Stage 1: VAE (Compression)

A 1D convolutional VAE (adapted from the Stable Diffusion encoder/decoder architecture) compresses one-hot encoded SNP sequences [B, 3, L] into a compact latent space [B, 1, L/16], achieving 16x compression. An adversarial discriminator loss improves reconstruction fidelity.

Stage 2: Latent Diffusion (Generation)

A 1D UNet (adapted from Stable Diffusion) performs denoising diffusion in the VAE's latent space. Phenotype labels are injected via cross-attention conditioning with classifier-free guidance.

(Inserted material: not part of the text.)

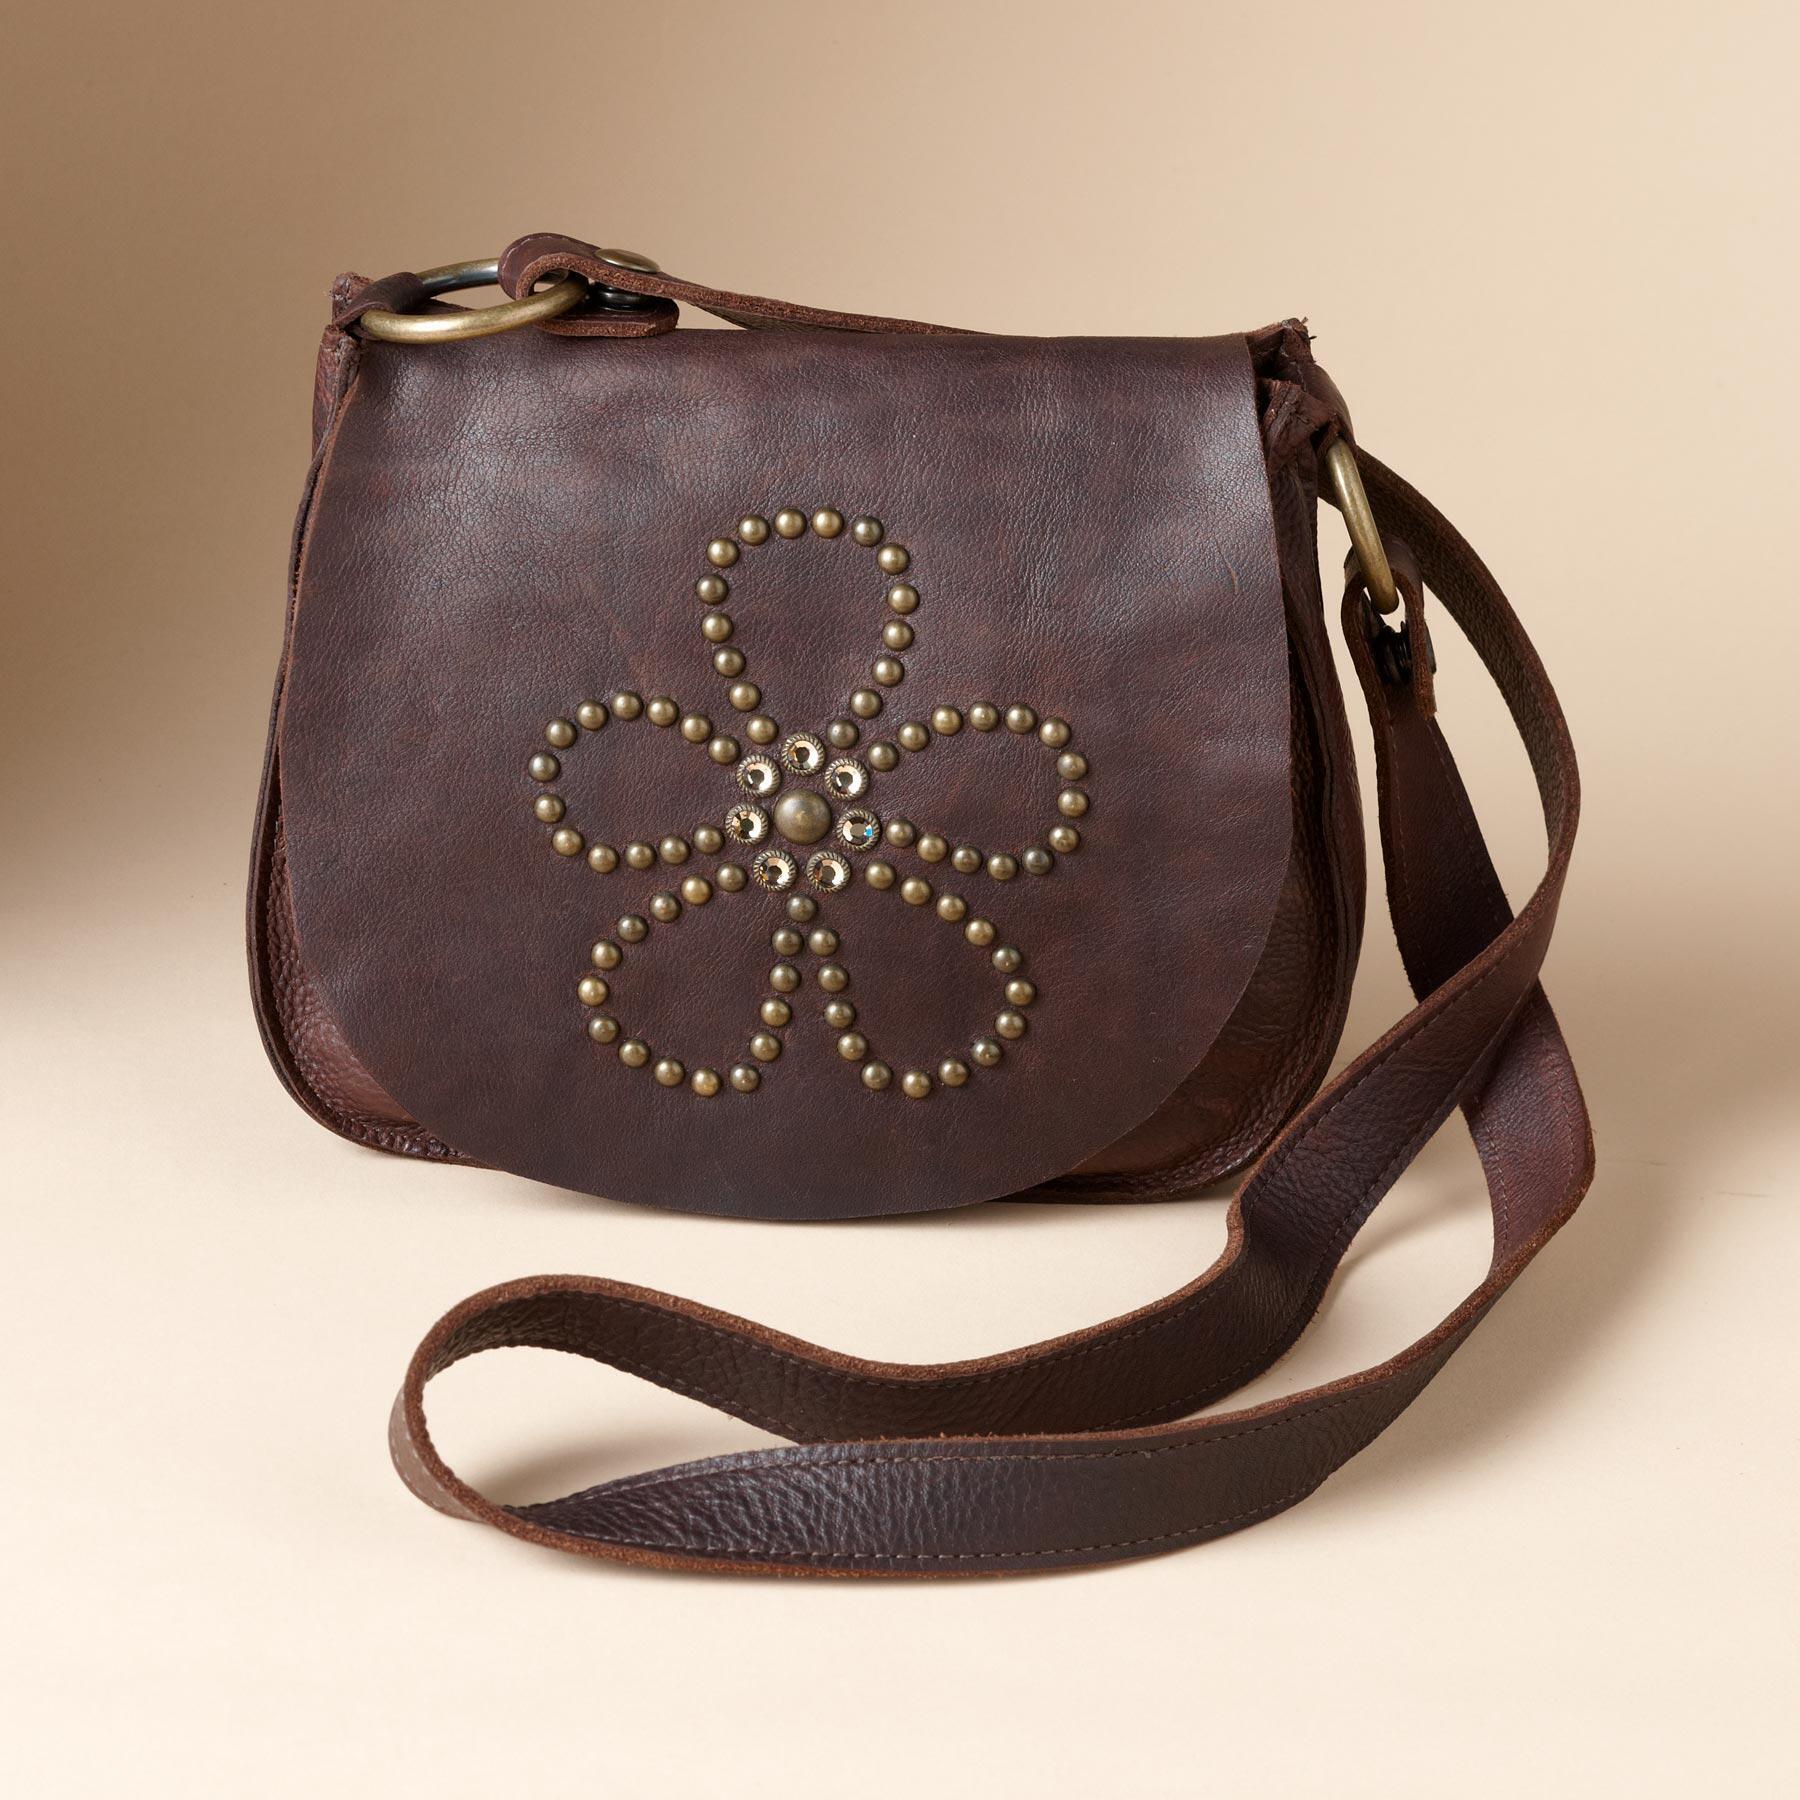 FLOWER-STUDDED CROSSBODY BAG: View 1
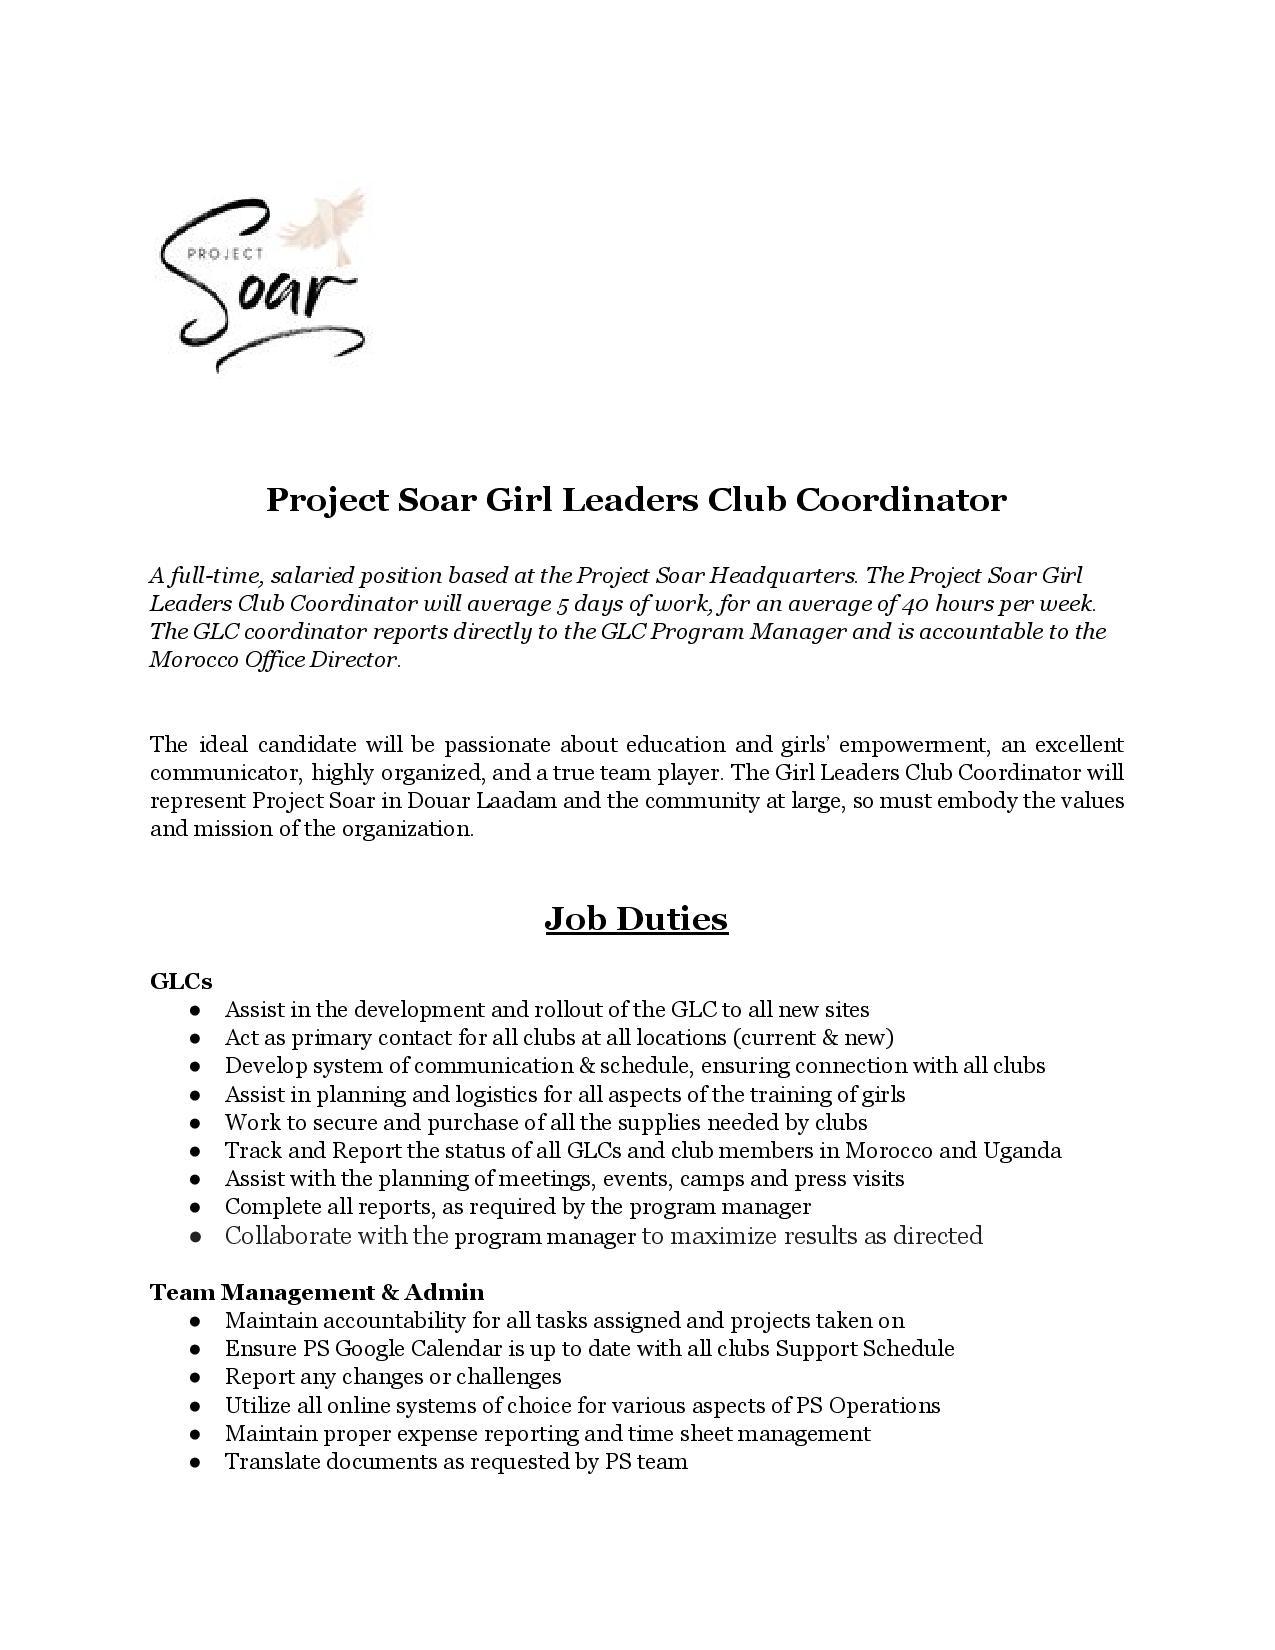 Project Soar Girls Leaders Club Coordinator-page-001.jpg

New genotypes are generated by sampling noise, denoising with the UNet, and decoding through the VAE decoder.

Installation

Requirements

  • Python 3.10+
  • CUDA-capable GPU (A100/H100 recommended)

Setup

# Clone the repository
git clone https://github.com/ht-diva/SNPgen.git
cd SNPgen

# Create a conda environment (recommended)
conda create -n snpgen python=3.10
conda activate snpgen

# Install dependencies
pip install -r requirements.txt

Data Format

SNPgen expects data in HDF5 format with the following structure:

Key Shape Type Description
data (N, 3, L) float32 One-hot encoded SNPs: channels = {hom-ref, het, hom-alt}
labels (N,) int Phenotype labels (e.g., 0=control, 1=case)
snp_ids (L,) string SNP identifiers (e.g., rs numbers)

Use the BED to HDF5.ipynb notebook to convert PLINK BED files to the required format. The input BED file should already contain LD-clumped SNPs. The notebook handles:

  • Ancestry/ethnicity filtering
  • GWAS allele alignment and beta flipping
  • Optional top-K SNP selection by GWAS p-value
  • Saving to HDF5 with SNP metadata (betas, p-values, alleles, chromosomal positions)

Configuration System

SNPgen uses YAML configs with OmegaConf for all model parameters. Configs are hierarchical and composable:

configs/
├── vae/
│   ├── base.yaml          # VAE training base config
│   ├── base_disc.yaml     # + adversarial discriminator
│   └── encoder/           # Encoder size variants
│       ├── base.yaml      # Default (embed_dim=128)
│       ├── small_emb64.yaml
│       ├── small_emb128.yaml
│       └── ...
└── ddpm/
    ├── base.yaml          # DDPM training base config
    └── encoder/
        └── base.yaml      # DDPM first-stage config (VAE checkpoint)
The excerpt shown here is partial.